FL: Reversible and Irreversible Processes

Reversible and Irreversible Processes


A reversible process is one which can be "undone" without a affecting the surroundings. Alternatively, it is a process that can reverse direction at any point due to an infinitesimal change in external conditions (driving force).


A reversible process is an ideal one that yields the maximum possible work attainable.
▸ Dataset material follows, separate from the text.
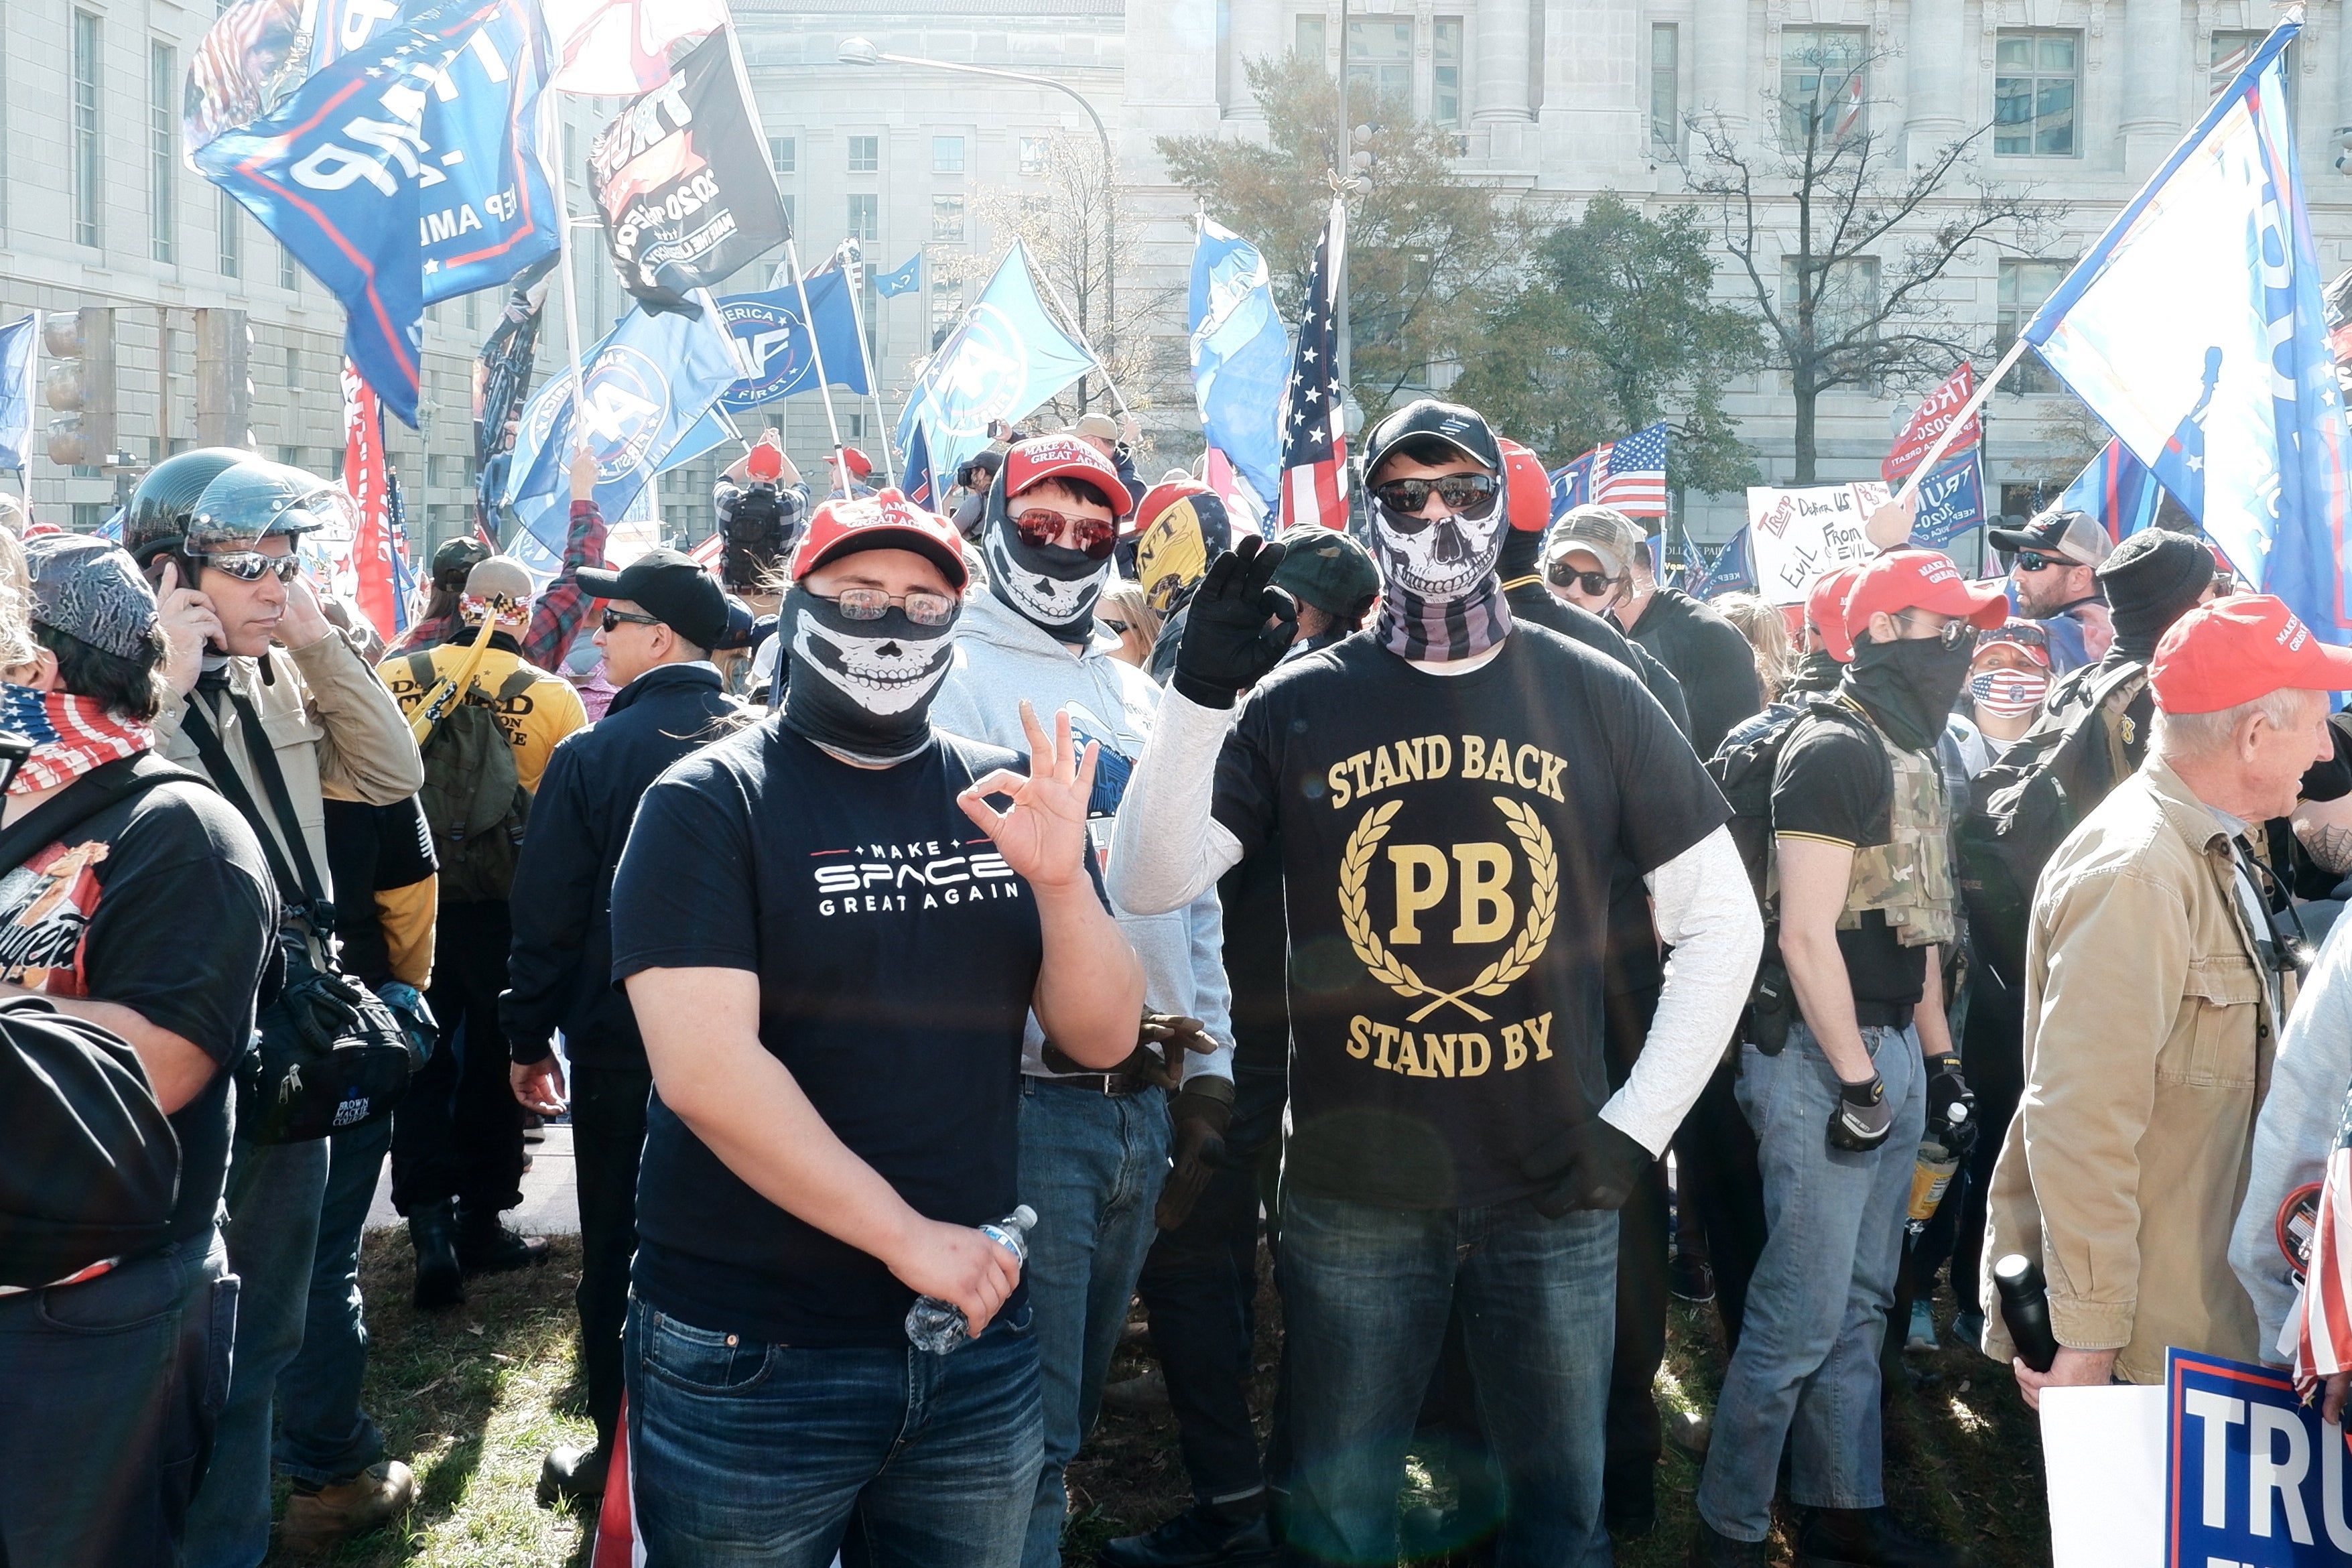 Two people, one of them with a Proud Boys shirt, gesture with the White Power sign, as supporters of Trump gather in Freedom Plaza, in Washington, DC

Consider the following isothermal expansions/compressions of an ideal gas. Calculate the work for each step when the total mass of the blocks is 1020kg, the area of the piston surface is 0.1 $m^2$, the initial height of the piston is 0.4$m$ and the amount of gas present is 1 mol.

1 step
$\Delta U + \Delta E_k + \Delta E_p = Q + W$
$W = -Q$
$W = - Q = -\int P_E dV = -P_E \Delta V$

$P_E$ is larger for the compression than for the expansion! The work obtained from the expansion is less than that required for the compression.

1 step
$W = - Q = -\int P_E dV = -(P_{E}\Delta V)_{1 \to i} - (P_{E}\Delta V)_{i \to 2}$

The difference between $(P_{E}\Delta V)_{i \to 1(2)}$ and $(P_{E}\Delta V)_{1(2) \to i}$ (the forward vs the reverse) is smaller than for the 1 step process. The difference in the work obtained/required is also smaller.

1 step
$W = - Q = -\int P_E dV = -(P_{E}\Delta V)_{1 \to i_1} -(P_{E}\Delta V)_{i_1 \to i_2} - (P_{E}\Delta V)_{i_2 \to i_3} - (P_{E}\Delta V)_{i_3 \to 2}$

Again, the difference decreases further for the multi-step process. If the step gets even smaller, the external pressure at each step eventually becomes essentially equal to the internal pressure at each step ($P_E \to P$).

$W = - Q = -\int P_E dV = -\int P dV = -\int nRT \frac{dV}{V} = -nRT\ln\left (\frac{V_2}{V_1}\right )$

Explain the difference between a reversible and irreversible process.


Because a reversible process is the ideal/limiting case, we will use it as the reference point for efficiency calculations.